It is arguable, whether a questionnaire with only a few questions measures the degree of fatigue more imprecisely than a more comprehensive questionnaire. Since the BFI-questionnaire includes the most questions, one can suppose that the BFI is the most comprehensive questionnaire The ASCPRO (Assessing Symptoms of Cancer Using Patient-Reported Outcomes study group does not give a recommendation concerning this question [7]. A single-item questionnaire has a better rate of return and is therefore more suitable for longitudinal studies with surveys at multiple time points. There exists a high correlation concerning the degree of fatigue between single-item and multiple-item measures of fatigue. It is recommended to use both single-item and multiple-item questionnaires, especially in longitudinal studies [7].
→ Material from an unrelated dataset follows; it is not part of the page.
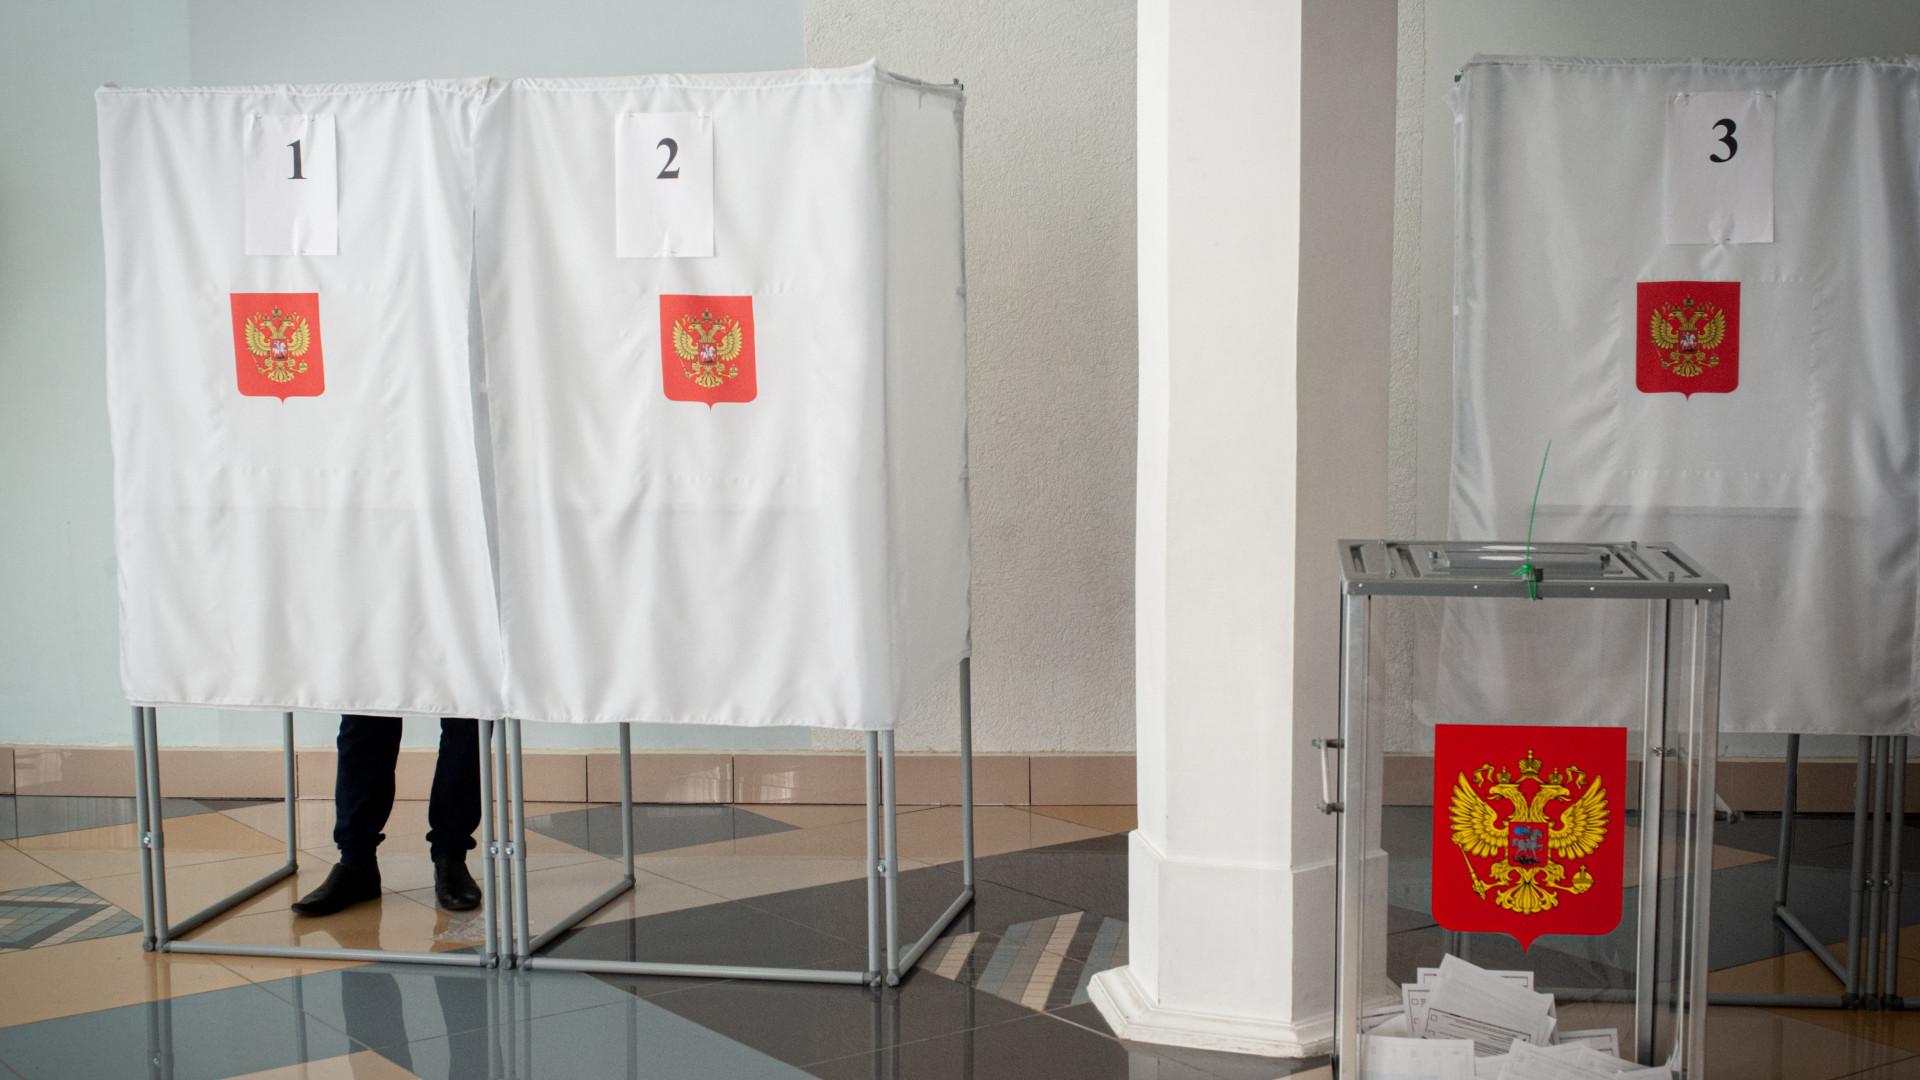 Súlyos visszaélésekre figyelmeztetnek az orosz parlamenti választások kapcsán

A problem is still the conceptual inaccuracy of the term fatigue and the consequential difficult classification of the particular questionnaire items and the clinical relevant differentiation of the degree of particular fatigue. The study group of Knobel et al. examined the question of whether the FA-score out of the EORTC-QLQ-C30 questionnaire can measure the multidimensional construct of fatigue at all [8]. Higher fatigue scores in EORTC-QLQ-C30 are associated with higher impairment due to fatigue. It was shown that the FA-score has the limitation of measuring only physical symptoms of fatigue. A floor/ceiling effect resulted, which means that comparatively more patients with a tumor scored higher, whereas a survivor scored a lower value when compared to the fatigue questionnaire. It seems preferable to interpret the FA-score as only representing physical fatigue. This point is correspondent to our observation: it might be the case that the FA-score was significantly different because the prostate cancer patients in the present study had a significantly worse physical function when compared to BPS patients (71.0 vs. 78.4, p = 0.020). This would explain why the BF-score, which measures more dimensions of fatigue besides physical did not show any difference between the two groups.
Clinically relevant fatigue independent of age was reported by the research group of Storey et al. [9]. Their investigation also used the BFI and was consistent with our results. Thus it can be ruled out that age differences between our two study groups were the cause of differences in fatigue scores.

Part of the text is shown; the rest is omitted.